## Goal of the exercise
Pictures in the data must not be copied, but everything else should be output exactly.

## Provided data
BEGIN

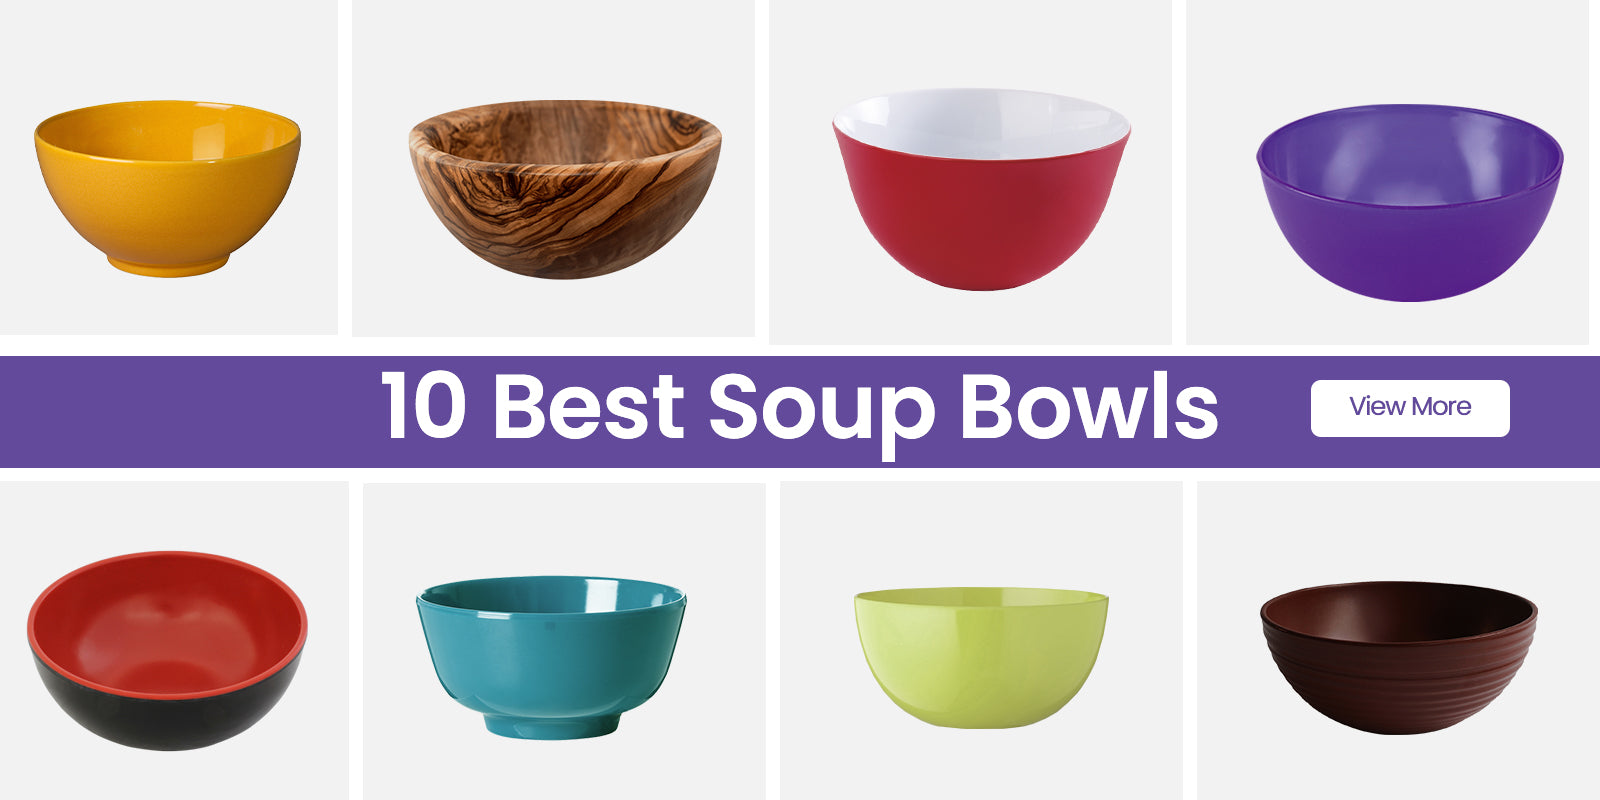 Restaurantware Voga 180 oz Deep Soup Bowls,2 Dishwasher-Safe Square Serving Bowls-BPA-Free,Shatter-Resistant,White Melamine Salad Eating Bowls,Serve
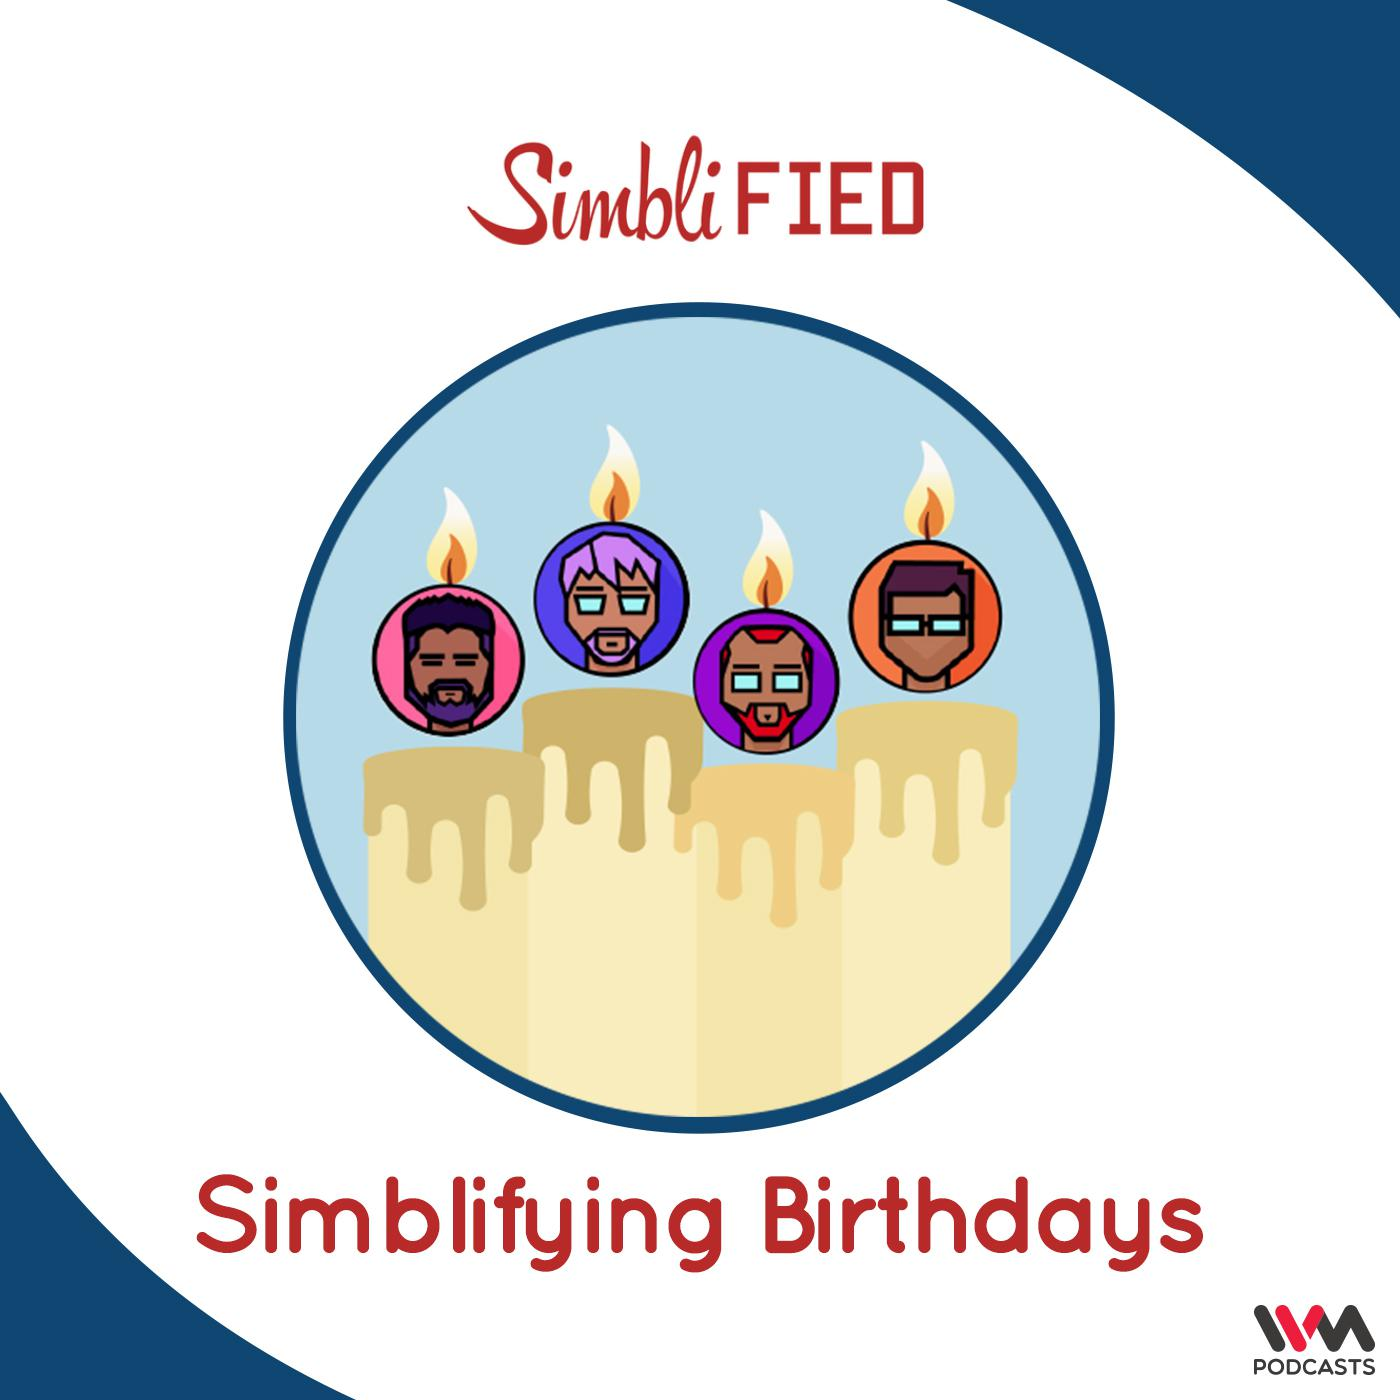 Simblifying Birthdays
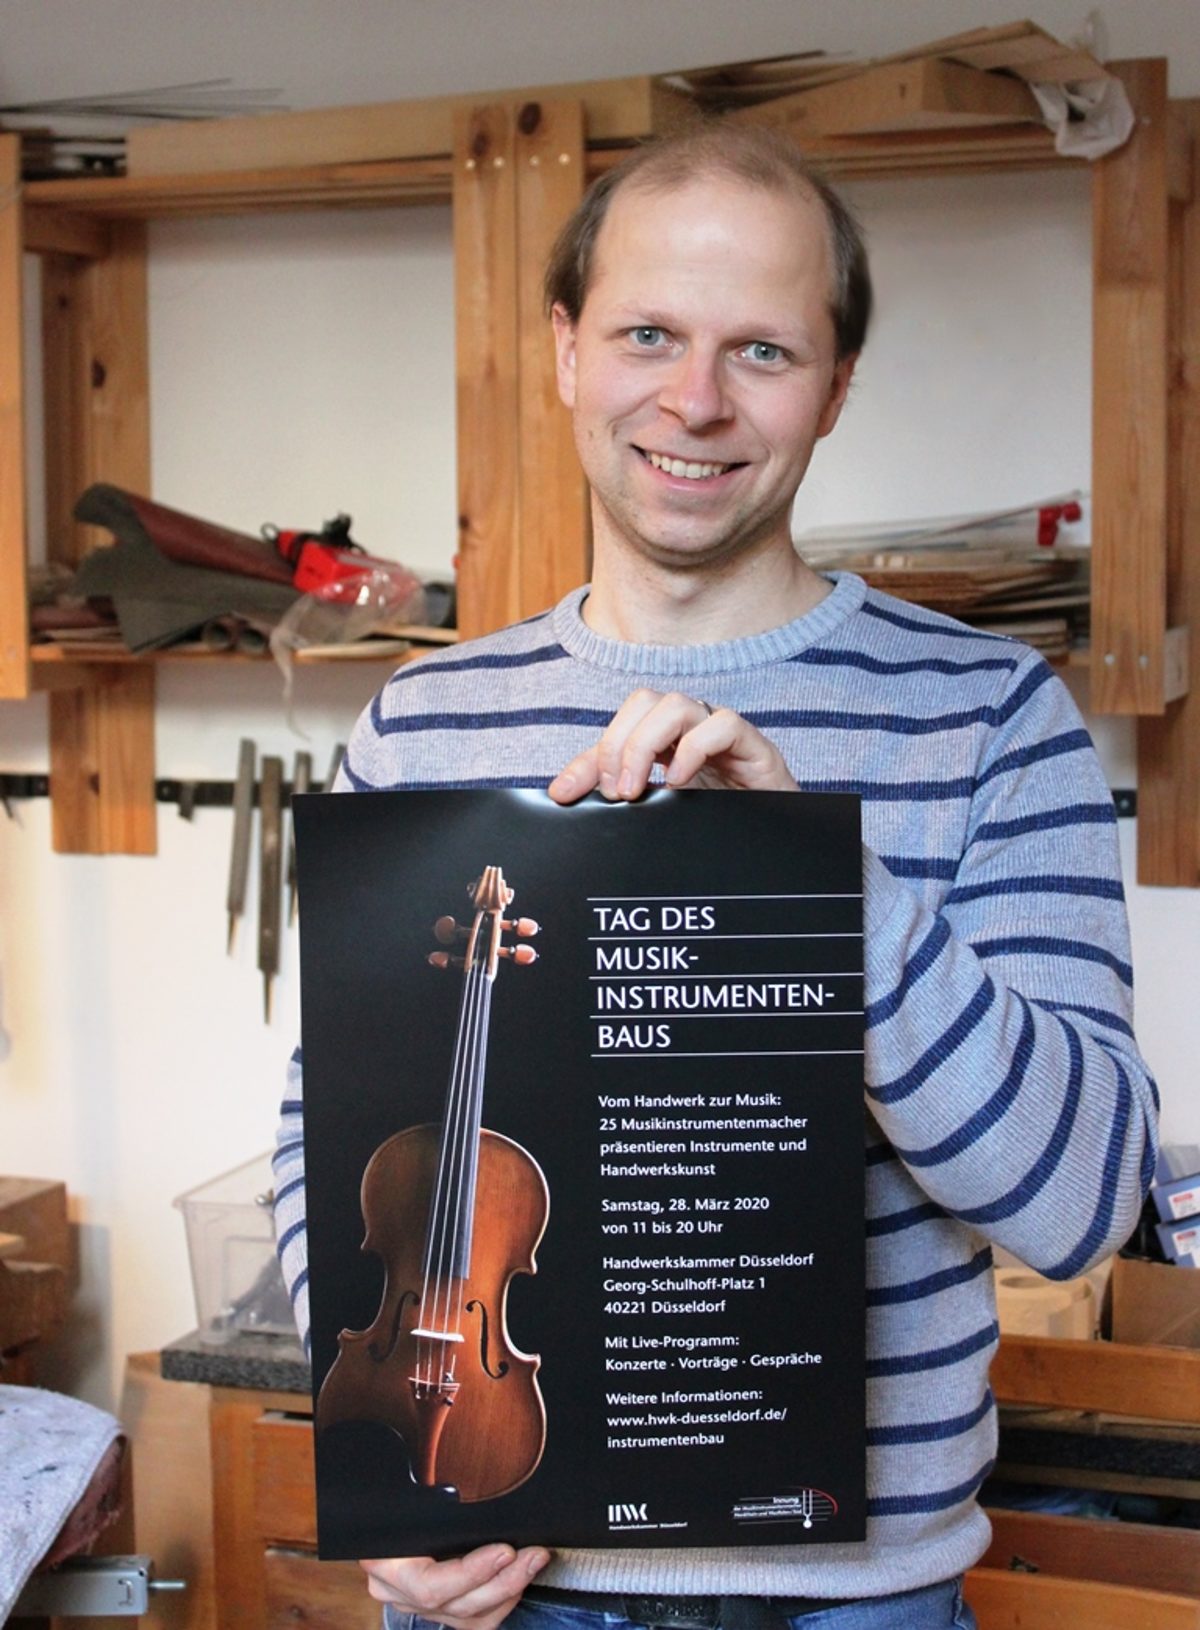 Der Geigenbauer mit eigenem Instrument - auf dem Plakat zum "Tag des Musikinstrumentenbaus"
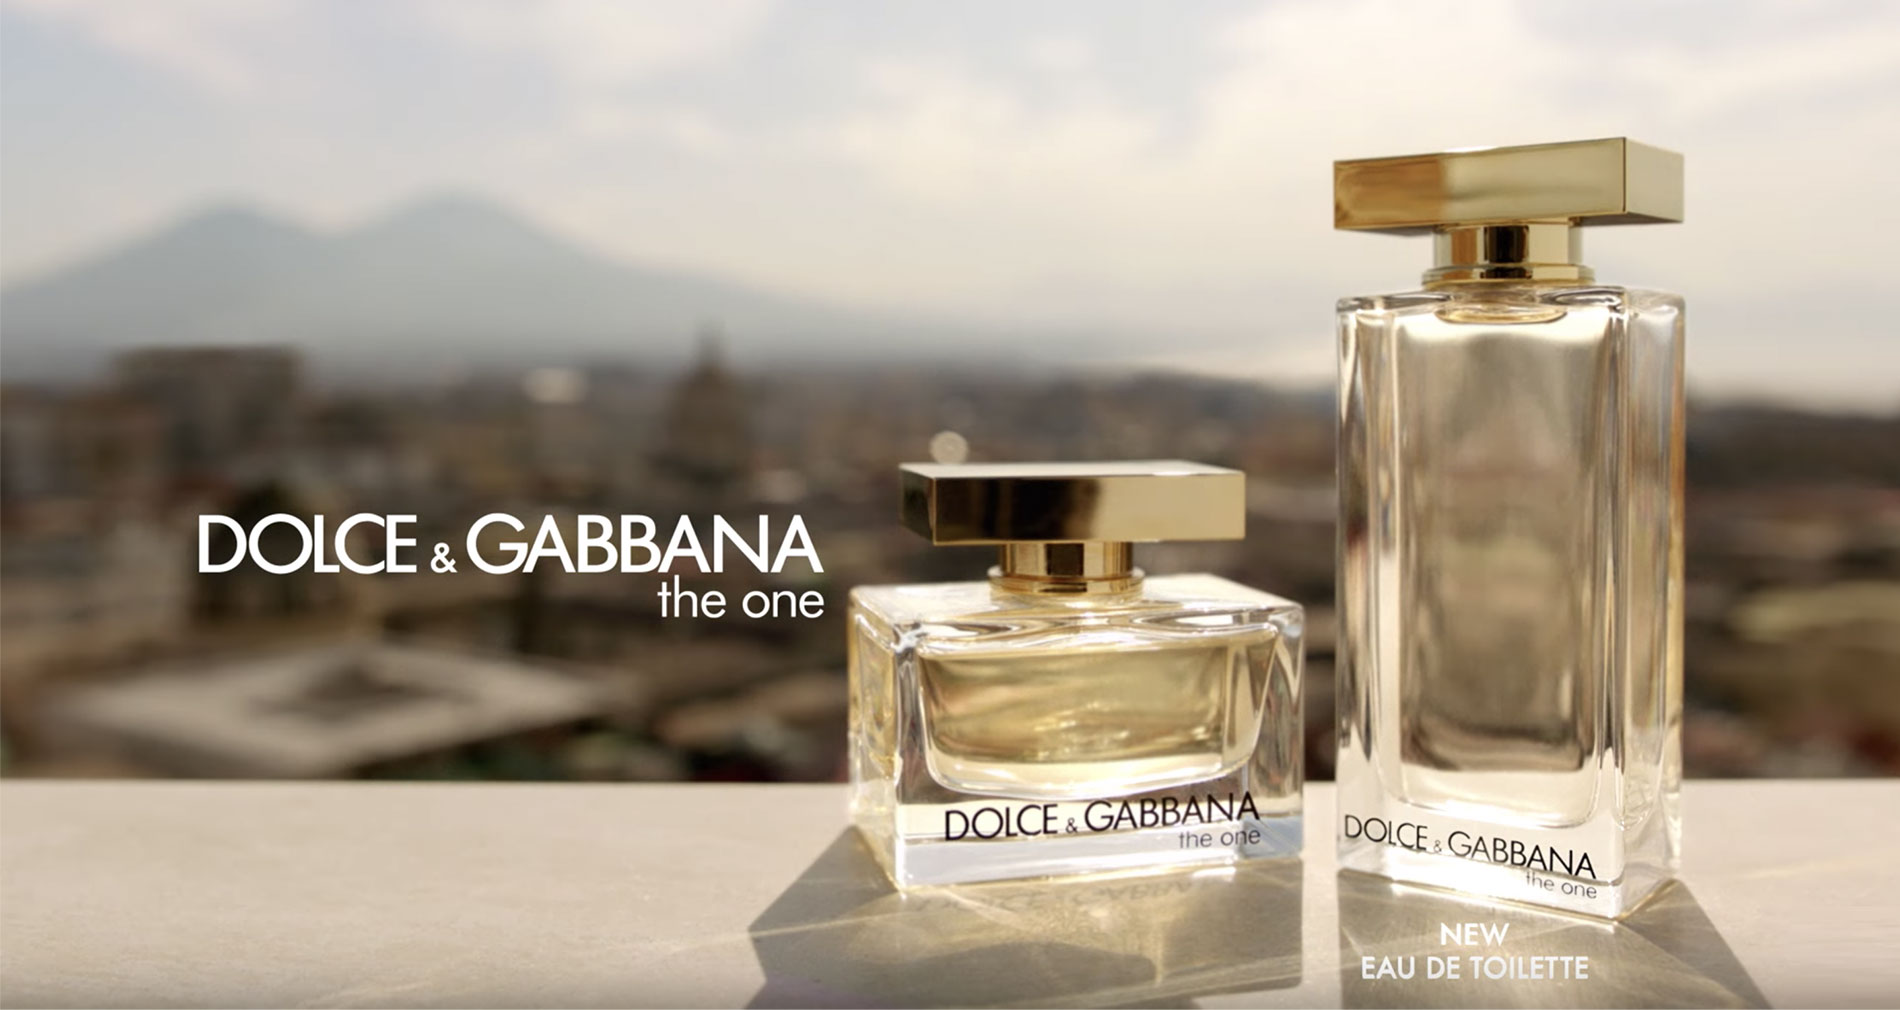 Dolce&Gabbana The One Eau de Toilette.

END

## Exercise output
 Restaurantware Voga 180 oz Deep Soup Bowls,2 Dishwasher-Safe Square Serving Bowls-BPA-Free,Shatter-Resistant,White Melamine Salad Eating Bowls,Serve
 Simblifying Birthdays
 Der Geigenbauer mit eigenem Instrument - auf dem Plakat zum "Tag des Musikinstrumentenbaus"
 Dolce&Gabbana The One Eau de Toilette.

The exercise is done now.